The UEFA Futsal Euro 2016 qualifying competition was a men's futsal competition that determined the 11 teams joining the automatically qualified hosts Serbia in the UEFA Futsal Euro 2016 final tournament.

The national teams from a total of 45 UEFA member associations entered the qualifying competition. Scotland made their UEFA Futsal Euro qualifying debut.

Format
The qualifying competition consisted of three rounds:
Preliminary round: The 24 lowest-ranked teams were drawn into six groups of four teams. Each group was played in single round-robin format at one of the teams which were pre-selected as hosts. The six group winners and the best runner-up advanced to the main round.
Main round: The 28 teams (21 highest-ranked teams and seven preliminary round qualifiers) were drawn into seven groups of four teams. Each group was played in single round-robin format at one of the teams which were pre-selected as hosts. The seven group winners qualified for the final tournament, while the seven runners-up and the best third-placed team advanced to the play-offs.
Play-offs: The eight teams were drawn into four ties to play home-and-away two-legged matches to determine the last four qualified teams.

Tiebreakers
In the preliminary round and main round, the teams were ranked according to points (3 points for a win, 1 point for a draw, 0 points for a loss). If two or more teams were equal on points on completion of a mini-tournament, the following tie-breaking criteria were applied, in the order given, to determine the rankings:
Higher number of points obtained in the mini-tournament matches played among the teams in question;
Superior goal difference resulting from the mini-tournament matches played among the teams in question;
Higher number of goals scored in the mini-tournament matches played among the teams in question;
If, after having applied criteria 1 to 3, teams still had an equal ranking, criteria 1 to 3 were reapplied exclusively to the mini-tournament matches between the teams in question to determine their final rankings.
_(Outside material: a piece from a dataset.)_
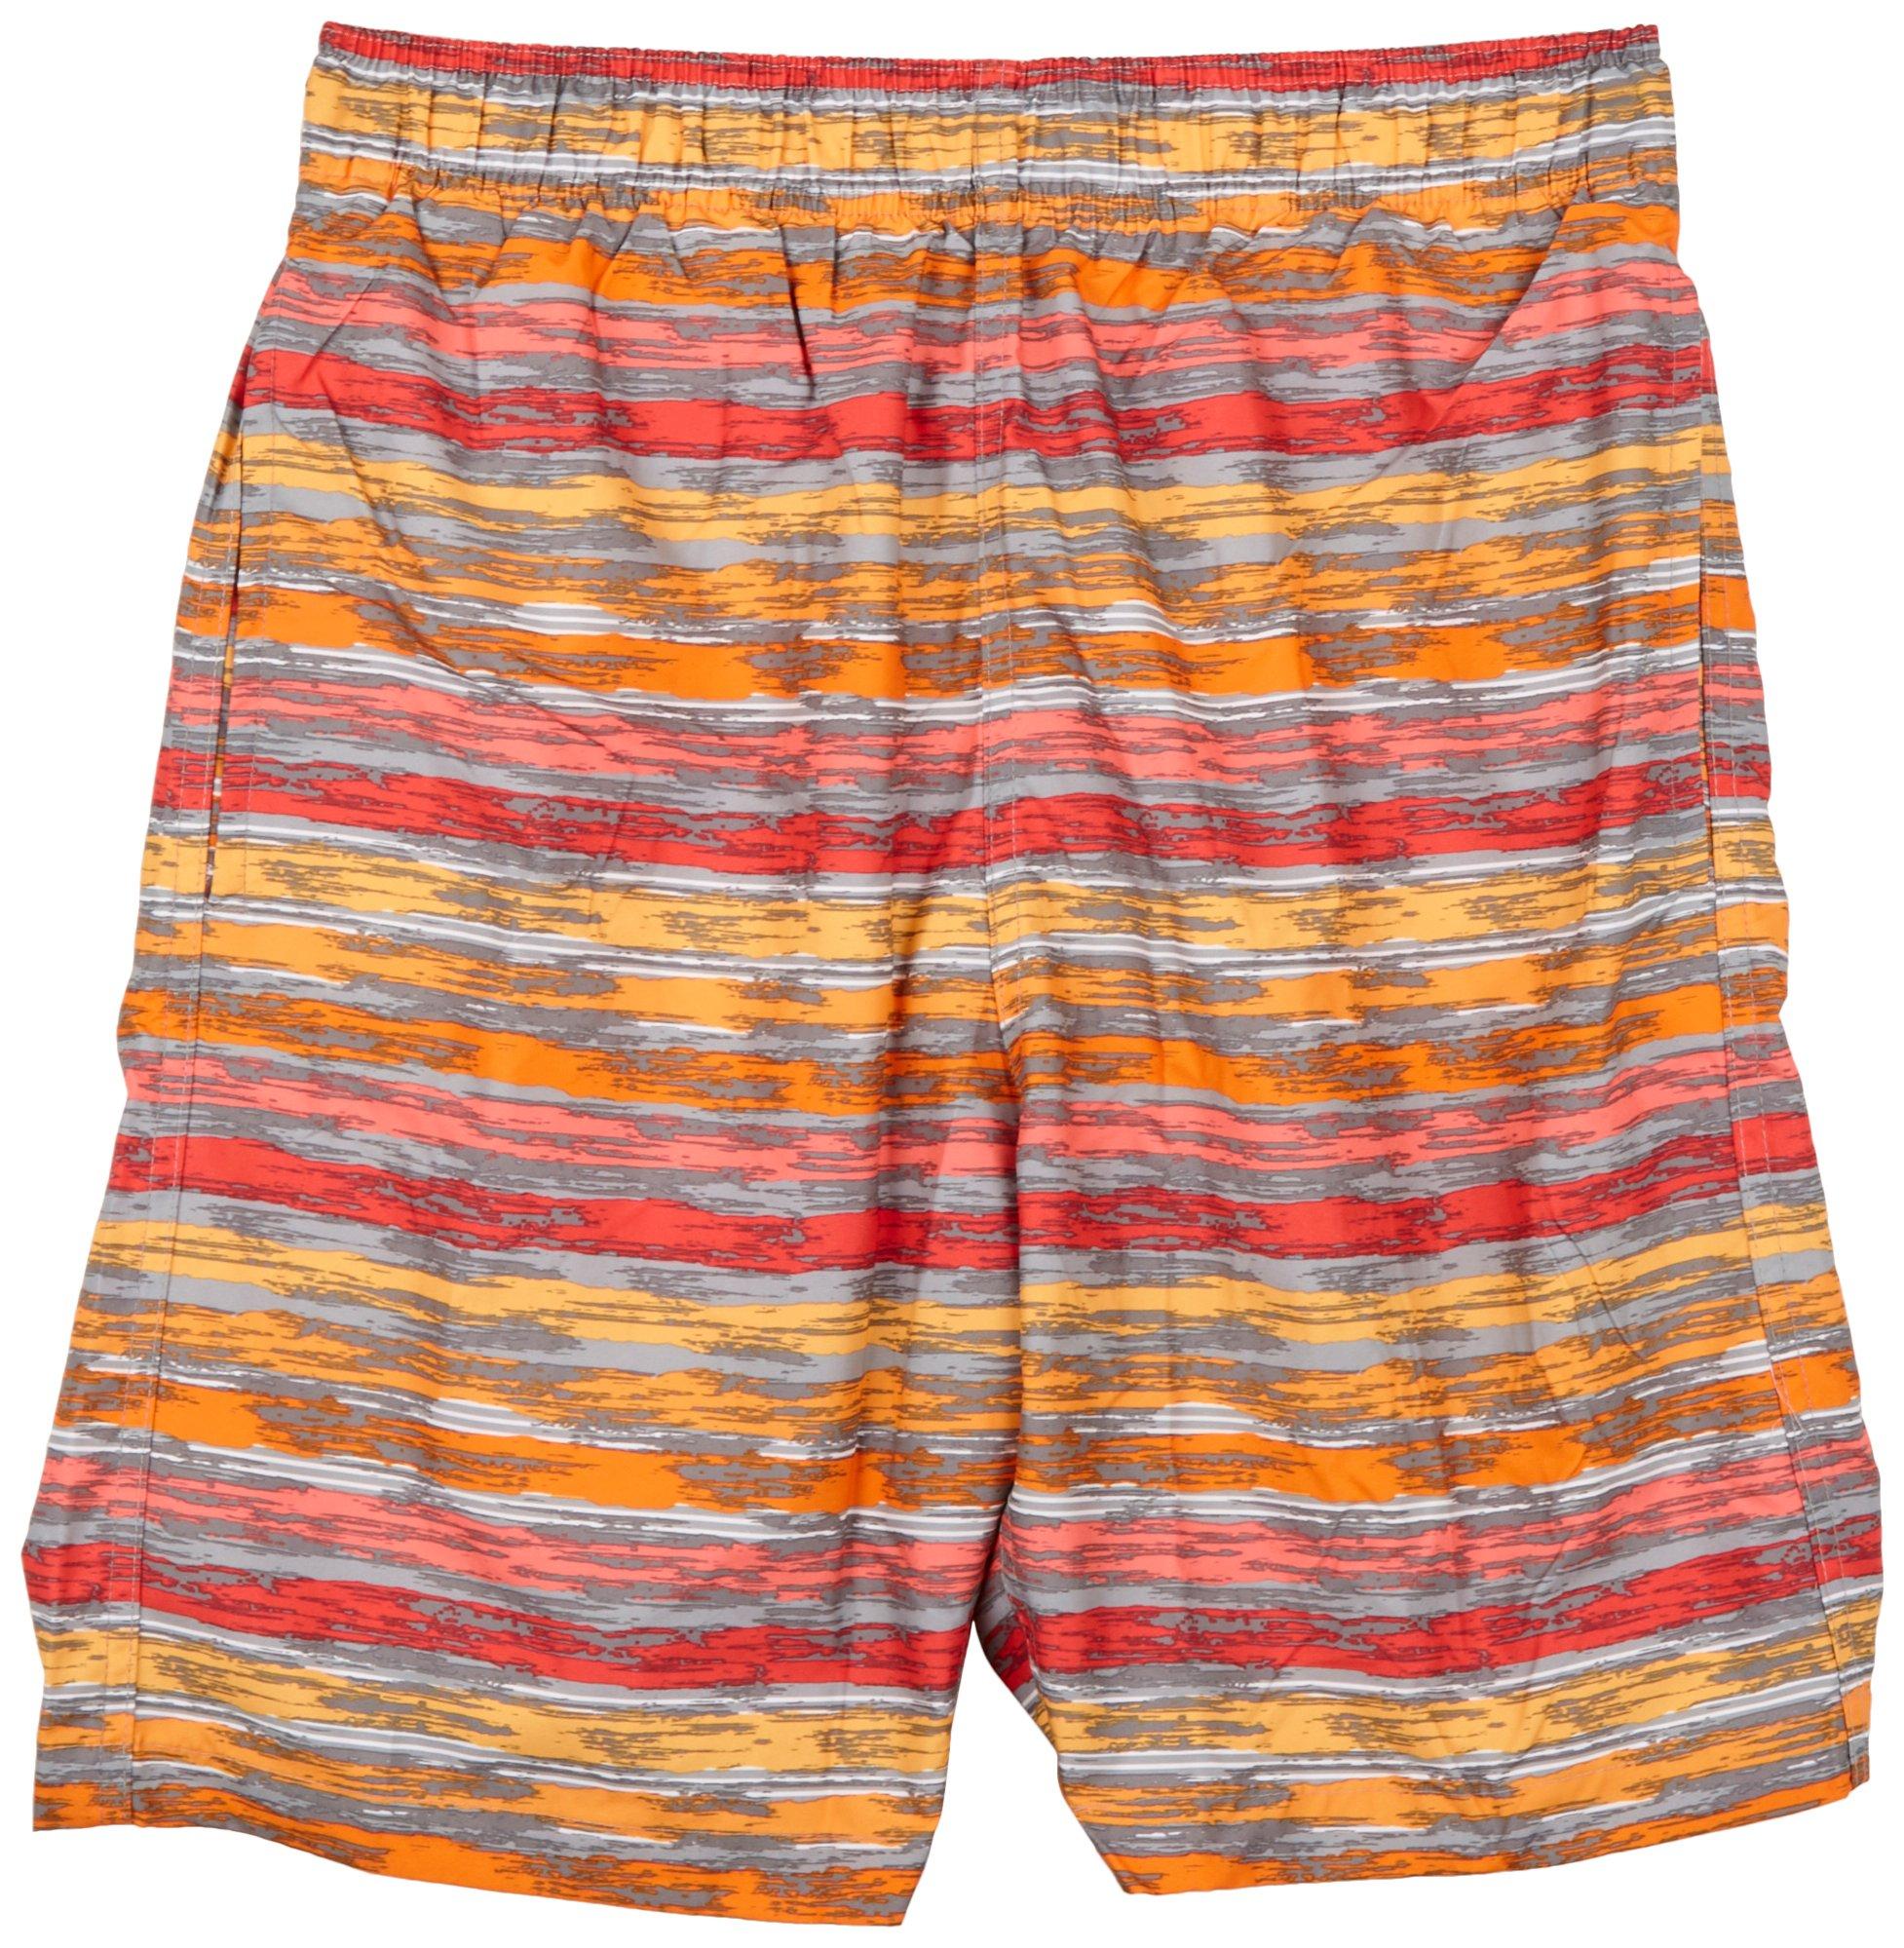 Laguna Mens 7.5 in. 2-in-1 Brief Brush Stroke Swim Shorts

If this procedure did not lead to a decision, criteria 5 to 10 applied;
Superior goal difference in all mini-tournament matches;
Higher number of goals scored in all mini-tournament matches;
If only two teams had the same number of points, and they were tied according to criteria 1 to 6 after having met in the last round of the mini-tournament, their rankings were determined by a penalty shoot-out (not used if more than two teams had the same number of points, or if their rankings were not relevant for qualification for the next stage).
Lower disciplinary points total based only on yellow and red cards received in the mini-tournament matches (red card = 3 points, yellow card = 1 point, expulsion for two yellow cards in one match = 3 points);
Coefficient ranking;
Drawing of lots.

To determine the best runner-up in the preliminary round and the best third-placed team in the main round, the following criteria were applied:
Higher number of points;
Superior goal difference;
Higher number of goals scored;
Lower disciplinary points total based only on yellow and red cards received (red card = 3 points, yellow card = 1 point, expulsion for two yellow cards in one match = 3 points);
Coefficient ranking;
Drawing of lots.

In the play-offs, the team that scored more goals on aggregate over the two legs qualified for the final tournament. If the aggregate score was level, the away goals rule was applied, i.e., the team that scored more goals away from home over the two legs advanced. If away goals were also equal, extra time was played. The away goals rule was again applied after extra time, i.e., if there were goals scored during extra time and the aggregate score was still level, the visiting team advanced by virtue of more away goals scored. If no goals were scored during extra time, the tie was decided by penalty shoot-out.

Schedule
The qualifying matches were played on the following dates.

Entrants
The teams were ranked according to their coefficient ranking, calculated based on the following:
UEFA Futsal Euro 2012 final tournament and qualifying competition
2012 FIFA Futsal World Cup final tournament and qualifying competition
UEFA Futsal Euro 2014 final tournament and qualifying competition

The 21 highest-ranked teams entered the main round, while the 24 lowest-ranked teams entered the preliminary round. The coefficient ranking was also used for seeding in the preliminary round and main round draws.

Notes
Serbia (Coeff: 4.528; Rank: 8) qualified automatically for the final tournament as hosts.
Iceland (Coeff: 0.222; Rank 41), Republic of Ireland (Coeff: 0.000; Rank 47), Austria (no rank), Faroe Islands (no rank), Germany (no rank), Liechtenstein (no rank), Luxembourg (no rank), and Northern Ireland (no rank) did not enter.
Teams which were pre-selected as preliminary round or main round hosts were denoted by (H).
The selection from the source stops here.